Overview
Does sustainability information actually change what people buy?
Fast fashion is the world's third-largest manufacturing industry, and its environmental and ethical cost is well-documented. As governments tighten regulations and brands publish sustainability reports, a critical question remains: does showing consumers sustainability information actually change their purchase intentions? This dissertation used an experimental research design with UK university students to find out.
2 groups
Experimental groups split between basic and sustainability product information
6 variables
Interaction effects analysed: design, quality, brand, age, gender, major
1 finding
Sustainability information significantly lifts purchase intentions in fast fashion
What I Did
An experimental design testing real consumer behaviour
- Research design: Designed a two-group experimental study showing one cohort of UK university students a fast fashion product with basic information, and the other with added sustainability information.
- Literature review: Built a structured review of the fast fashion industry, sustainability information disclosure, and consumer purchase intention theory to frame the research hypotheses.
- Hypothesis testing: Tested interaction effects across product design, perceived quality, brand, age, gender, and academic major to identify which consumer segments respond most strongly to sustainability messaging.

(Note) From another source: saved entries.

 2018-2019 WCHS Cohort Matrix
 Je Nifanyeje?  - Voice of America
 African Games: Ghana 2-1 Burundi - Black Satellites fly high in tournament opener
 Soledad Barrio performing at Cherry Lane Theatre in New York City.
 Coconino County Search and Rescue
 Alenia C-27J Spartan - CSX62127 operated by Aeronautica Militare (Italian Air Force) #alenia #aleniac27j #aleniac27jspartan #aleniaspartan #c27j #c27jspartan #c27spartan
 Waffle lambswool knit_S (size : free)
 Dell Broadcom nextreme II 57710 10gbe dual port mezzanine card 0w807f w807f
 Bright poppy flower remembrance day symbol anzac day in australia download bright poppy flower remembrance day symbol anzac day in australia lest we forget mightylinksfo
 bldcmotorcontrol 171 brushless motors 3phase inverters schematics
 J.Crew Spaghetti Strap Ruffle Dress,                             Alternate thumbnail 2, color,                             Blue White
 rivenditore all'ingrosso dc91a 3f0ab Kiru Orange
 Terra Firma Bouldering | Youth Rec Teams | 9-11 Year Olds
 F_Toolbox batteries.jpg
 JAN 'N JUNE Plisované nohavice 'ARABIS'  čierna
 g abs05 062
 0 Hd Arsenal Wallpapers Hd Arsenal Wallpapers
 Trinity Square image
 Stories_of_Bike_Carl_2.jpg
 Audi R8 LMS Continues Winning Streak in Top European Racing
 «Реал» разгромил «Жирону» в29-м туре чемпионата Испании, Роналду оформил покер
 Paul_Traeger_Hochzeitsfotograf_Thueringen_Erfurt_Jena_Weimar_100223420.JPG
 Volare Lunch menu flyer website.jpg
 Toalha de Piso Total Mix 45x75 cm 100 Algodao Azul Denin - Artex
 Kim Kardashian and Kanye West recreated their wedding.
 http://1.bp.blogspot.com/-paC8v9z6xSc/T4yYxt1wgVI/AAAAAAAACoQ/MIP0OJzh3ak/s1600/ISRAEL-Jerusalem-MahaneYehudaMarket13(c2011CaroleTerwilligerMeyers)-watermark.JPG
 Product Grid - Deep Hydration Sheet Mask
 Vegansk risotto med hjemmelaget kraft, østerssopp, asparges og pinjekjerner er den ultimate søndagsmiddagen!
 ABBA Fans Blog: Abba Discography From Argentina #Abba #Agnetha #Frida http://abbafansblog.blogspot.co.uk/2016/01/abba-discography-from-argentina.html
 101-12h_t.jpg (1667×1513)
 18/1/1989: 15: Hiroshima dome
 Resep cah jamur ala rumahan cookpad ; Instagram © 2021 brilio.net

- Findings synthesis: Identified that sustainability information has the strongest lift for low-to-medium quality products, mediocre brands, and for female business students aged 22 to 24, with implications for the intention-behaviour gap in fashion consumption.
Key Takeaway
Sustainability information is not just a tick-box exercise. It has real, measurable influence on purchase intentions, especially when consumers are uncertain about a product's quality or brand reputation. The challenge for the industry is the intention-behaviour gap: strong purchase intentions do not always translate into actual purchases. This research argues that fast fashion brands need to be more transparent about their sustainability initiatives, and that governments need to enforce stricter standards to make those signals trustworthy.